Failure to Reconcile and Transcribe Admission Orders for Wound Care and Insulin
Penalty
Summary
The facility failed to properly reconcile and transcribe medication and wound care treatment orders for a resident admitted from the hospital. Upon admission, the wound care treatment order for the resident's right lower extremity, as specified in the hospital discharge instructions, was not transcribed into the facility's Treatment Administration Record (TAR) until several days after admission. As a result, wound care treatments scheduled for specific days were missed, with no documented evidence that treatments were provided on three separate occasions.
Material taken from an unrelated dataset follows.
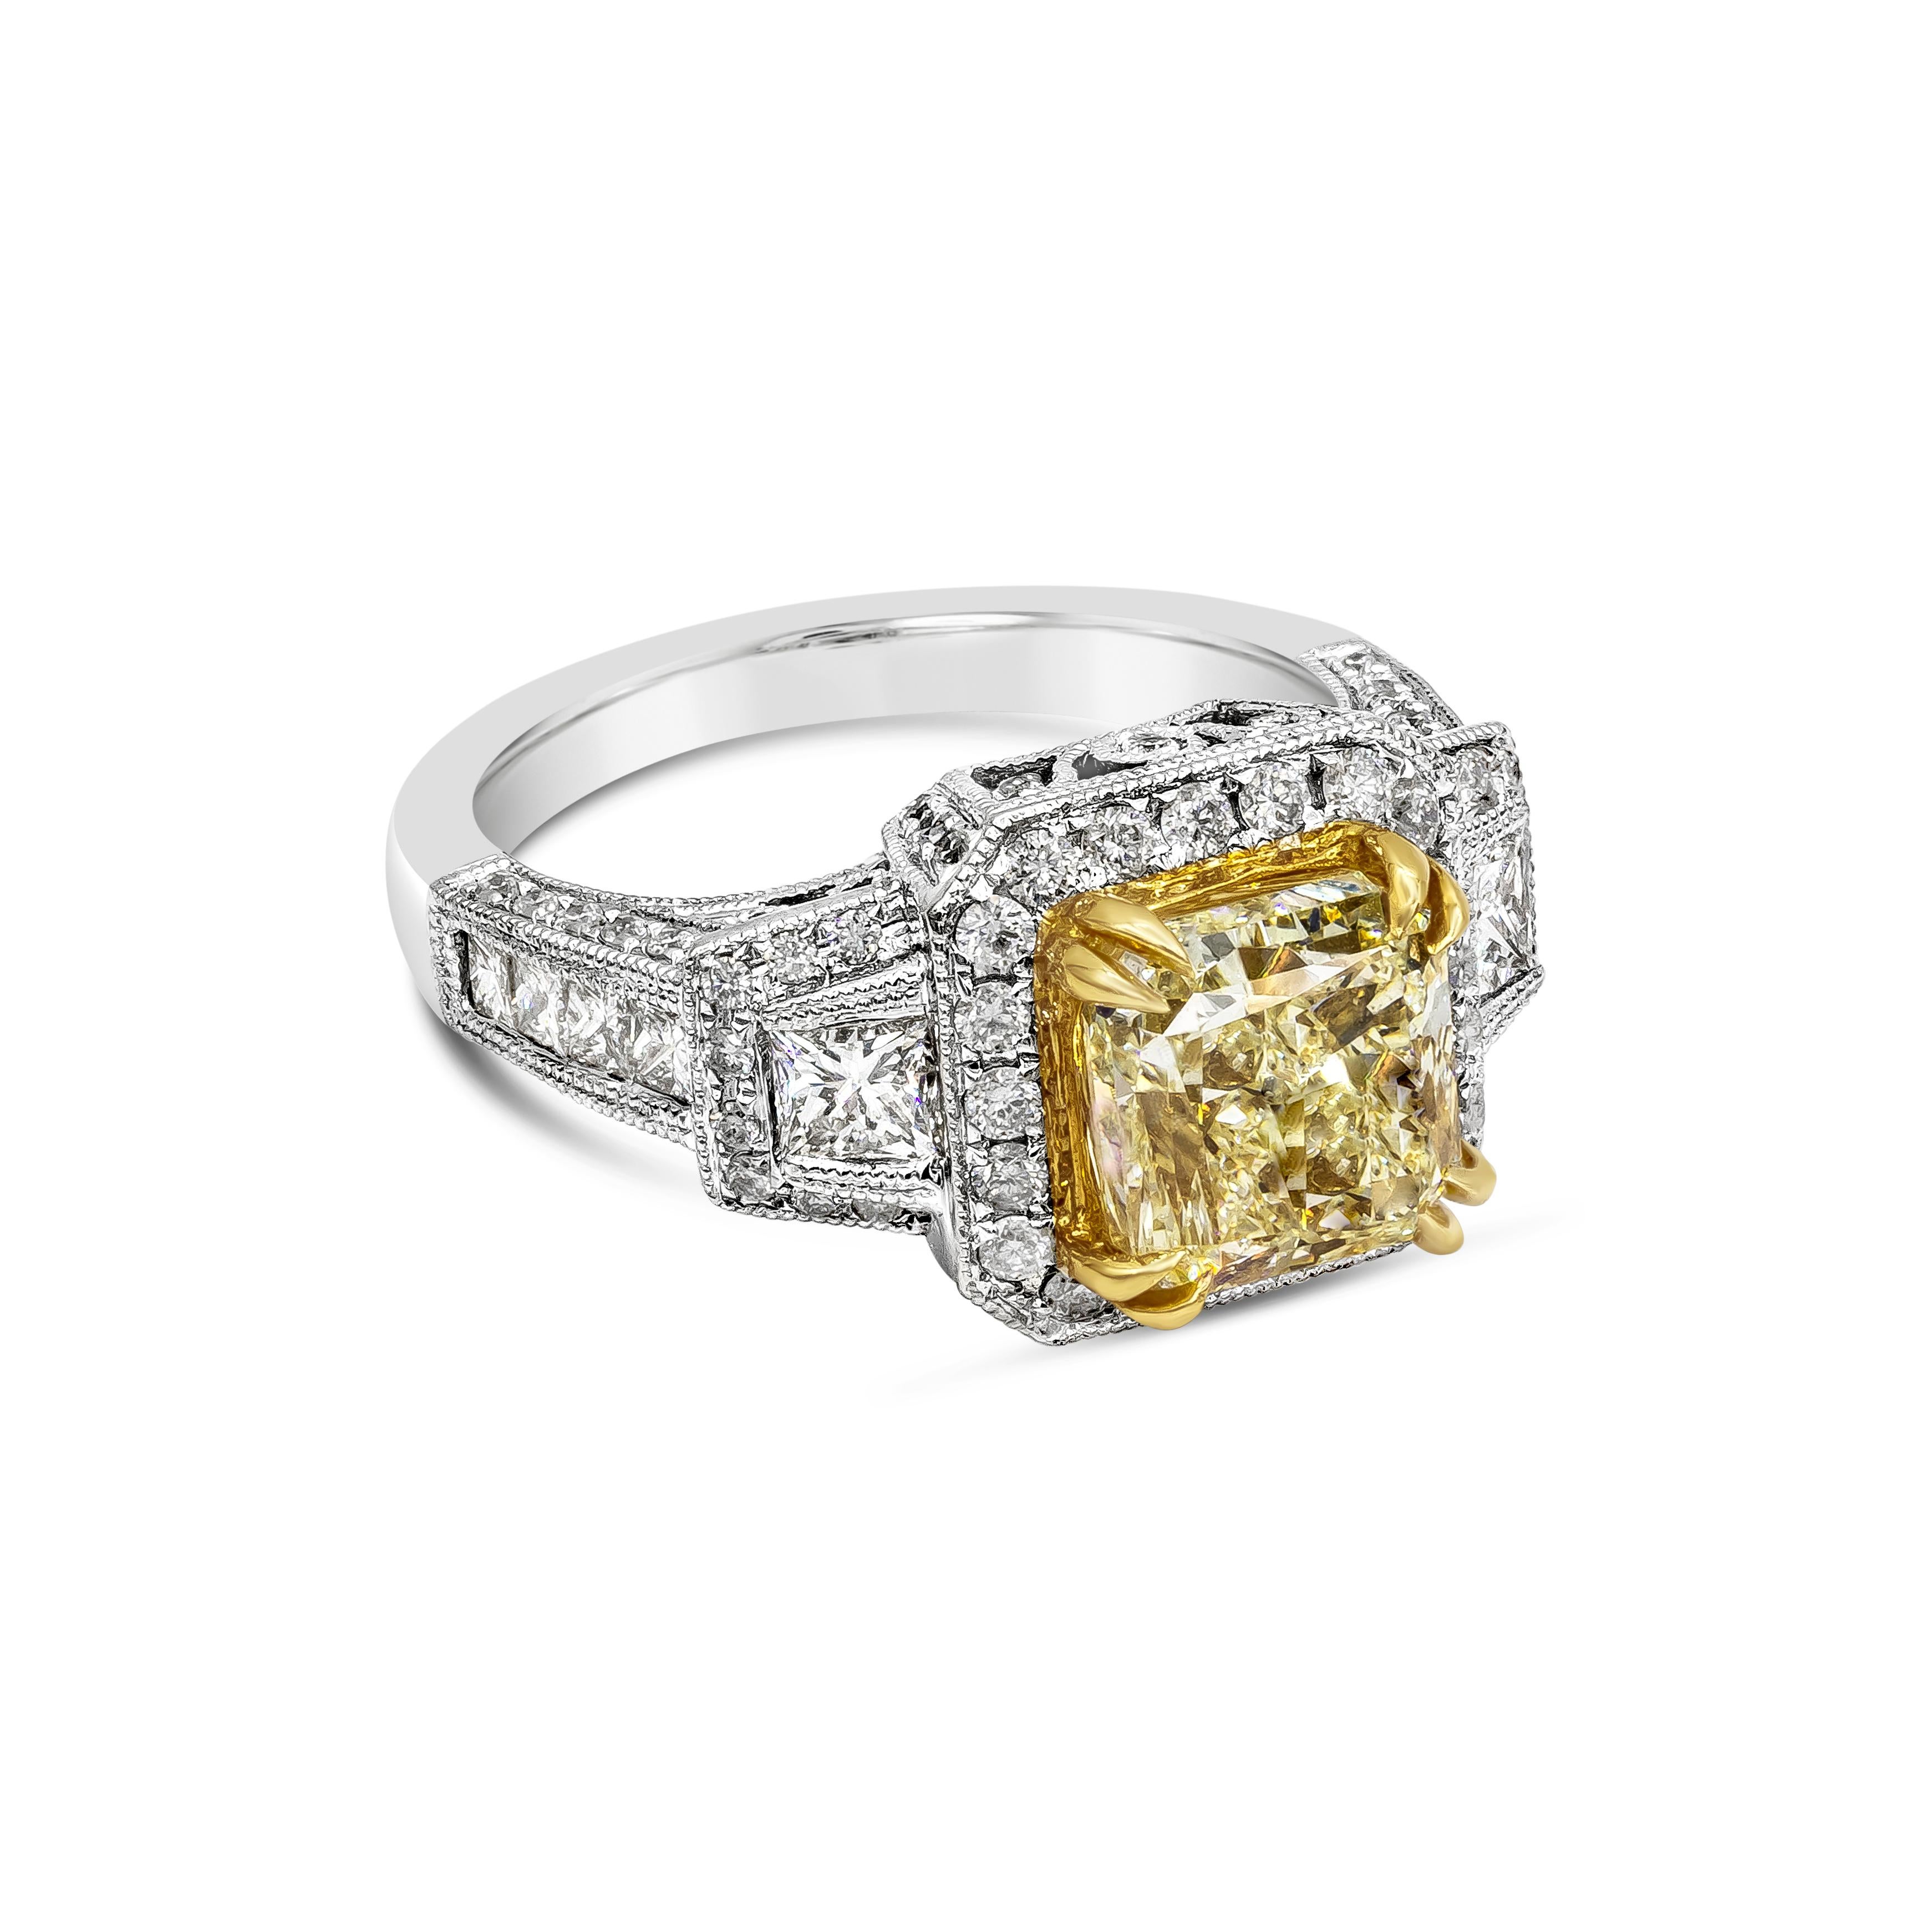 Bague de fiançailles de style ancien mettant en valeur un diamant jaune de taille radieuse de 3,40 carats certifié par le GIA, de couleur Y-3 et de pureté Si1, serti dans une monture en or jaune 18 carats à huit griffes. Entouré de diamants ronds en

The lapse was confirmed by a Licensed Vocational Nurse (LVN), who acknowledged that the wound care order should have been transcribed on the day of admission and that the treatments should have been administered as ordered. Additionally, the facility did not transcribe two insulin aspart orders from the hospital discharge instructions onto the facility's medication list, resulting in a delay in initiating blood sugar monitoring and insulin administration according to the prescribed sliding scale. The LVN responsible for medication reconciliation used the hospital inpatient medication list instead of the discharge to SNF medication list, leading to the omission of these critical orders. Consequently, blood sugar checks and insulin administration were not performed for an extended period after admission, despite the resident's diagnoses of type 2 diabetes mellitus and chronic skin ulcers.